Skip to content
This repository has been archived by the owner on Feb 20, 2023. It is now read-only.

Log Manager

Gustavo Angulo edited this page Jun 13, 2019 · 6 revisions

Overview

The job of the LogManager in the system is to receive buffers of LogRecord from transactions and persist them in memory so that the changes can be recovered in the event of a crash. It does this by first serializing. The LogManager does this by serializing the LogRecord into a recoverable format (described below) into 4K byte buffers. These buffers are then written into the log file, and the log file is periodically persisted.

In the future, the LogManager will also be responsible for shipping logs over the network to replicas.

LogManager

The LogManager has Start() and StopAndPersist() to bring it up and shut it down. Decoupling this logic from the constructor and destructor (respectively) allows one to start and stop a single log manager repeatedly without having to initialize a new LogManager object. As the name suggests, StopAndPersist() forces a processing of all unserialized logs, as well as persisting the log file on disk.

The main entry point for the LogManager is through AddBufferToFlushQueue(). Transactions will pass their (potentially partially) full buffers of LogRecord through this method. After it is called, the LogManager owns the buffers, and transactions should no longer reference these buffers.

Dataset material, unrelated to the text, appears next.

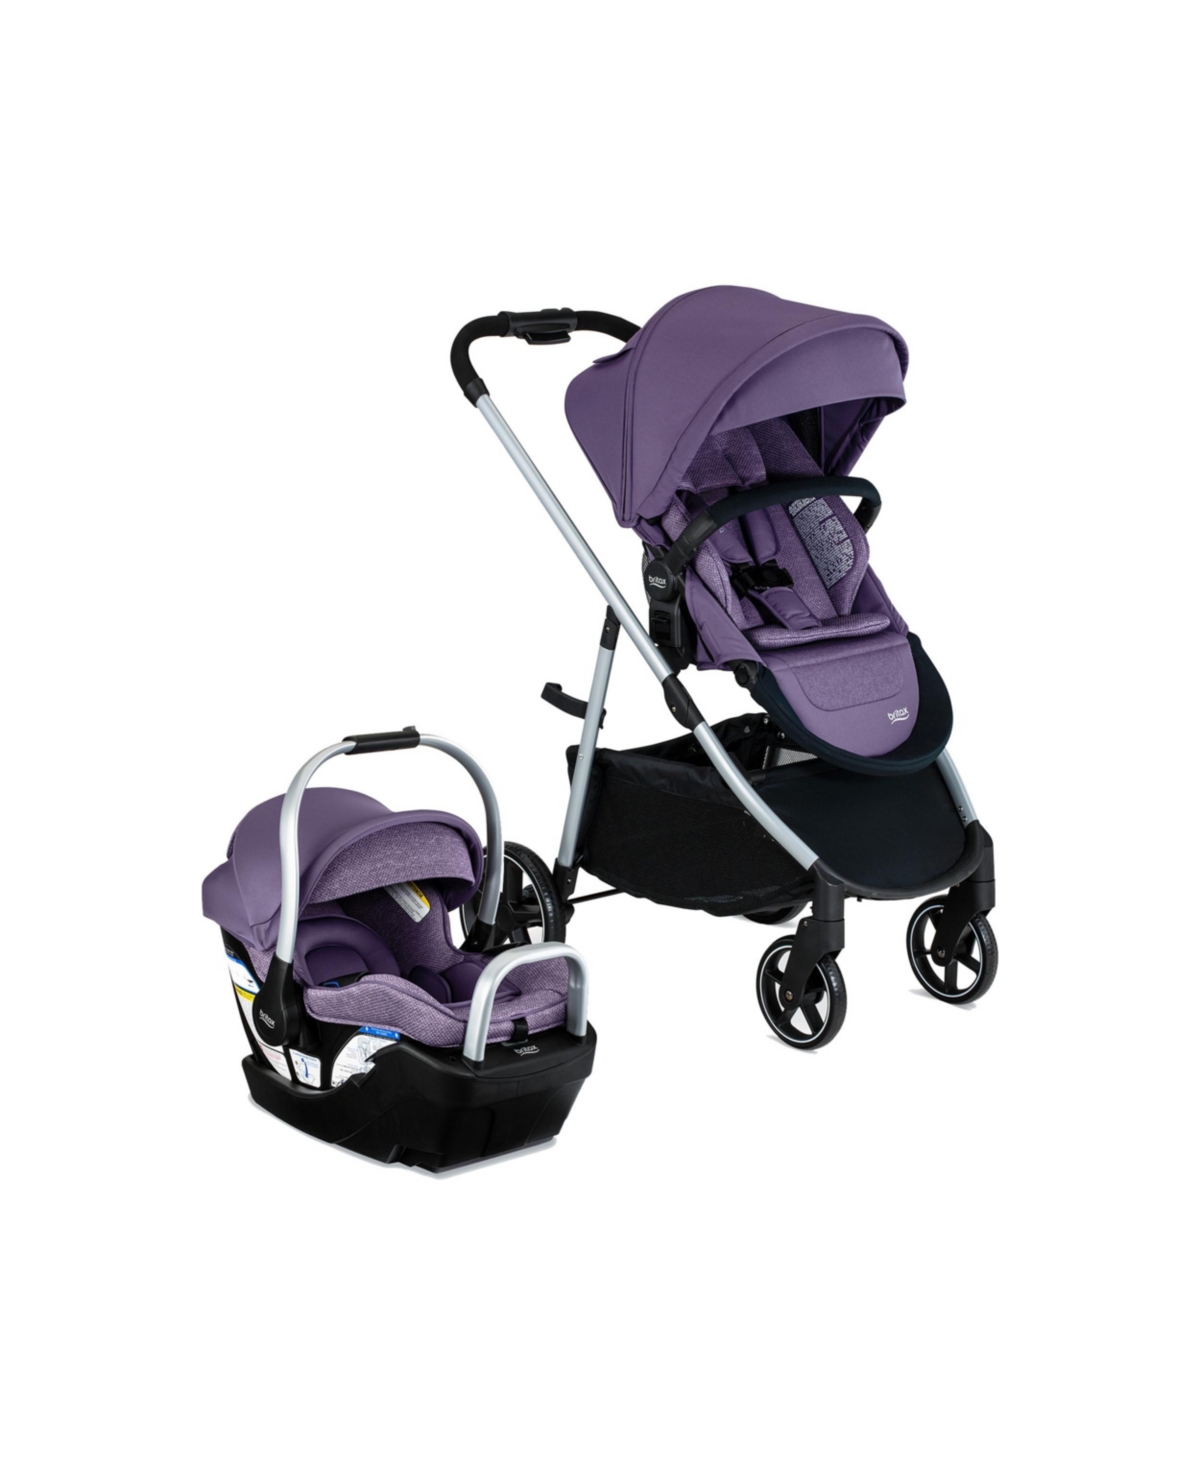 Britax Babies' Willow Grove Sc Travel System In Purple
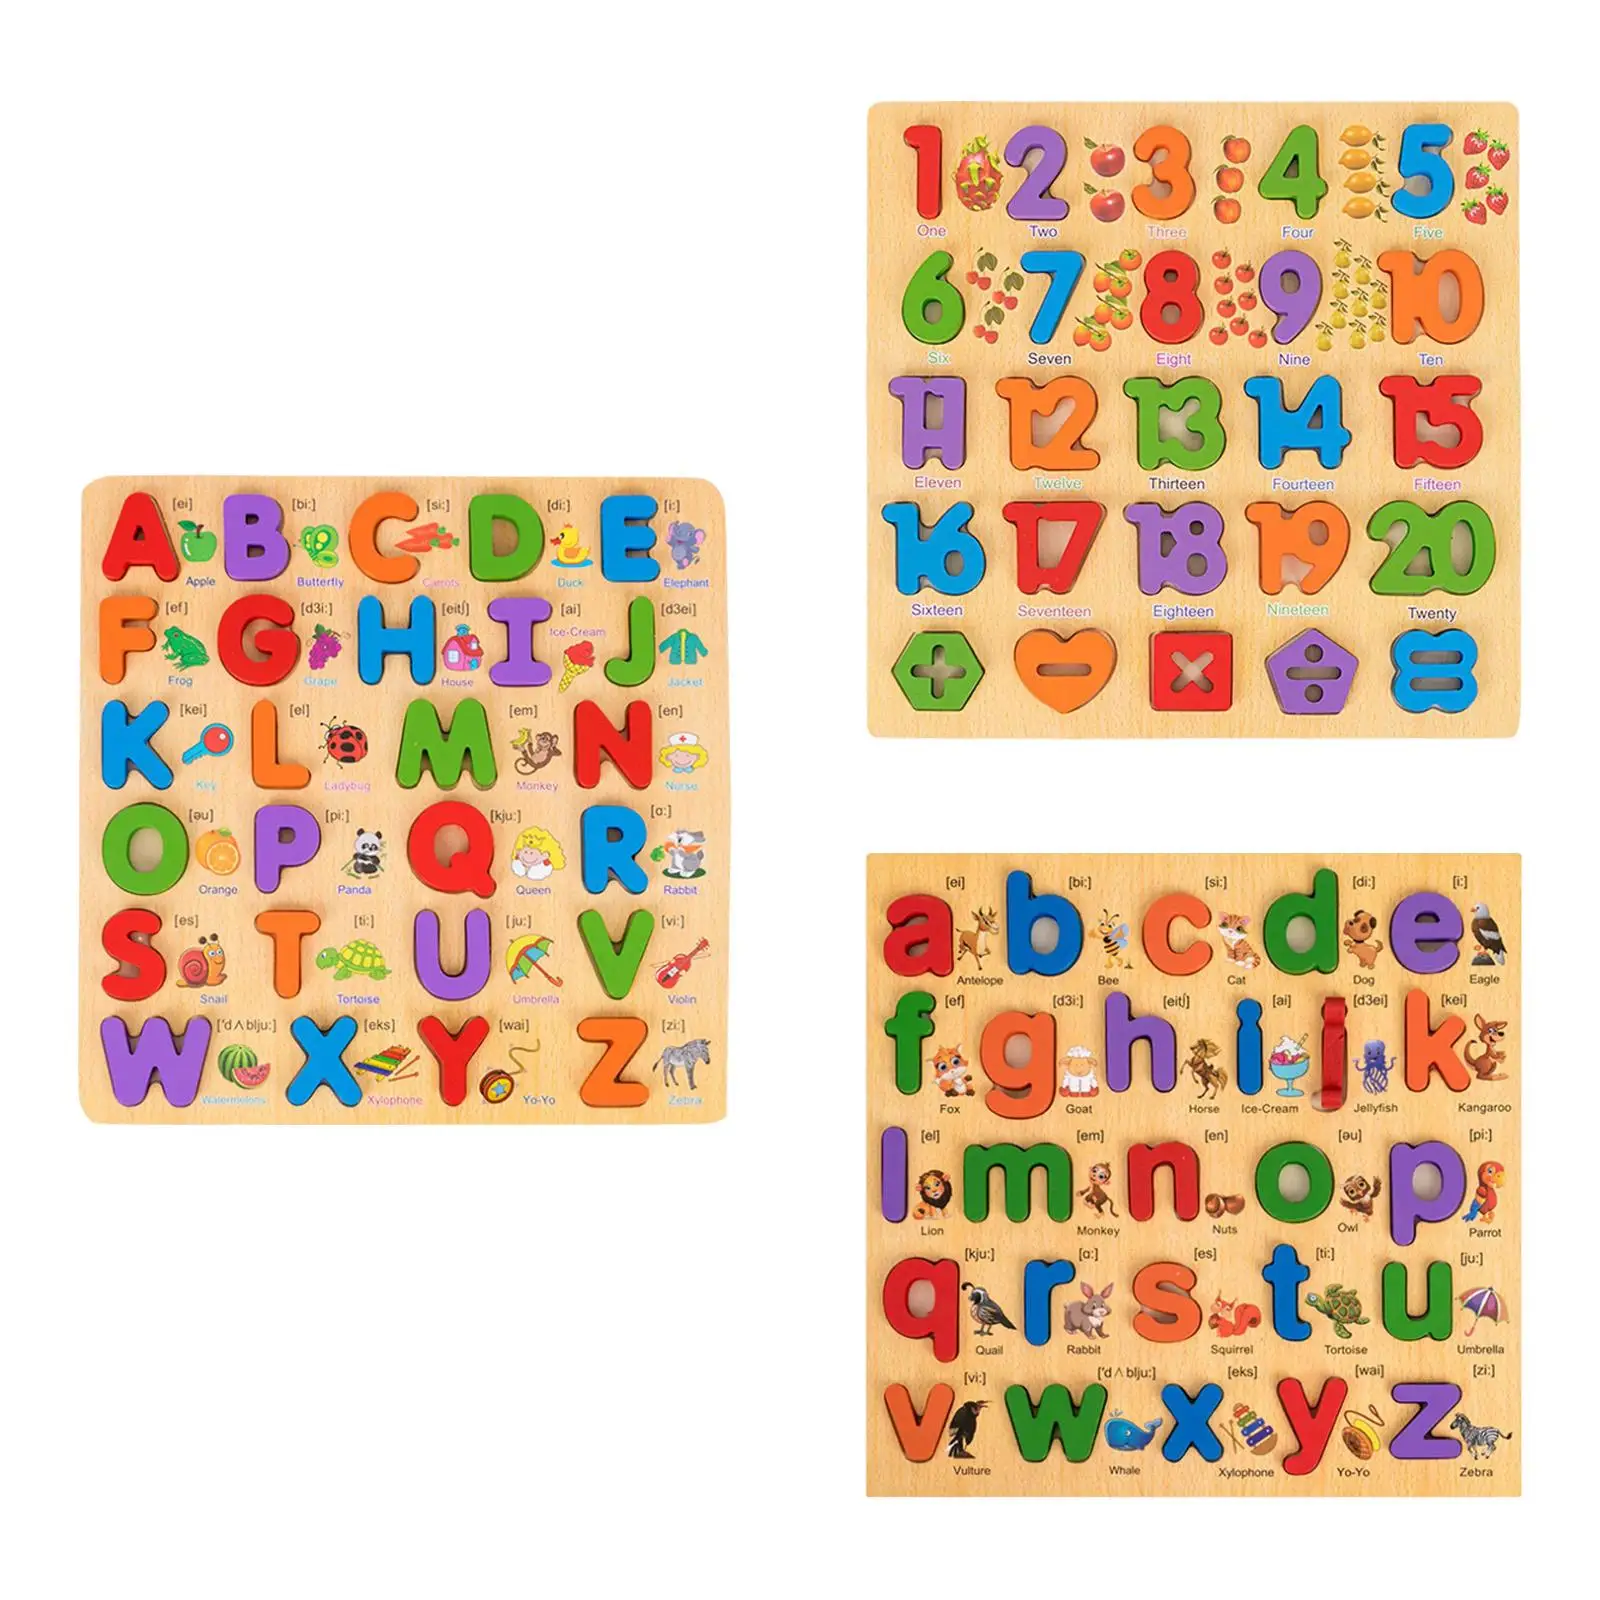 Alphabet Puzzles Gifts Learning Alphabet Practice Educational Developmental Toy Learning Alphabet Number Colorful Girls and Boys

The LogManager also exposes a ForceFlush() method for testing. This forces the disk writer task to persist the log file.

Finally, the bulk of the work of the LogManager is handled by two tasks:

  1. LogSerializerTask
  2. DiskLogConsumerTask

These tasks are managed through the DedicatedThreadRegistry.

LogSerializerTask

Overview

The LogSerializerTask is responsible for serializing the LogRecord received from transactions into a format that can be processed by log consumers. These serialized records are written into buffers, which are handed over to consumers when full. We also extract the commit callbacks from commit records so that they can be called by the DiskLogConsumerTask when it guarantees the commit log is persisted in memory. In the case of the DiskLogConsumerTask, this means a format that can be written to disk, and then can be used to reconstruct the entire LogRecord during recovery.

Serialization Format

A LogRecord is serialized into the following recoverable format depending on the record type:

RedoRecord

----------------------------------------------------------------------------------
| redo record size (32-bit) | record type (8-bit) | txn_begin_timestamp (64-bit) |
----------------------------------------------------------------------------------
|   database_oid (32-bit)   |   table_oid (32-bit)   |    TupleSlot (64-bit)     |
----------------------------------------------------------------------------------
| num_cols (16-bit) | col_id1 (32-bit) | col_id2 (32-bit) |          ...         | 
----------------------------------------------------------------------------------
|                           null_bitmap (variable-bit)                           | 
----------------------------------------------------------------------------------
| val1 | val2 | val3_varlen_size (32-bit) | val3_varlen_content | val4 |   ...   |
----------------------------------------------------------------------------------

Notes:

  • The size of the serialization of null_bitmap is the "byte-alligned ceiling" of num_cols. If num_cols = 5, then null_bitmap is 8-bit. If num_cols = 32, then null_bitmap is 32-bit, etc.
  • As can be seen in the last row, var-len's sizes and content are interleaved with non-varlen values. The size of non-varlen attributes is determined using the storage::BlockLayout.
  • NULL values are determined using the null_bitmap and are not serialized out.

DeleteRecord

----------------------------------------------------------------------------------
| redo record size (32-bit) | record type (8-bit) | txn_begin_timestamp (64-bit) |
----------------------------------------------------------------------------------
|   database_oid (32-bit)   |   table_oid (32-bit)   |    TupleSlot (64-bit)     |
----------------------------------------------------------------------------------

CommitRecord

--------------------------------------------------------------------------------------------------------------
| redo record size (32-bit) | record type (8-bit) | txn_begin_timestamp (64-bit) | commit_timestamp (64-bit) |
--------------------------------------------------------------------------------------------------------------

DiskLogConsumerTask

The job of the DiskLogConsumerTask is to take logs serialized by the LogSerializerTask and persist them on disk. It is important to differentiate between writing to the log file and persisting to disk. Whenever the task thread's wait is interrupted, it will always write the buffers to the log file, but it will only persist the log file if some condition is met. The task will interrupt its wait and write the buffers to the log file if any of the following conditions are met:

  1. Someone calls ForceFlush() on the log manager
  2. We have received a new buffer through the consumer queue
  3. The task is being shut down
  4. The wait times out (see #1 below)

After writing the log buffers to the file, the task will then persist the file if any of the following conditions are met:

  1. A settings defined amount of time has passed (default: 20ms)
  2. A settings defined threshold of memory written has been written since the last persist (default: 1MB)
  3. Someone calls ForceFlush() on the log manager
  4. The task is being shut down

Future Work

In the future, the LogManager will also be in-charge of sending logs over the network to replicas. This will most likely entail having a new ReplicaLogConsumerTask that mirrors the DiskLogConsumerTask, except instead of writing to disk, it will send the logs over network.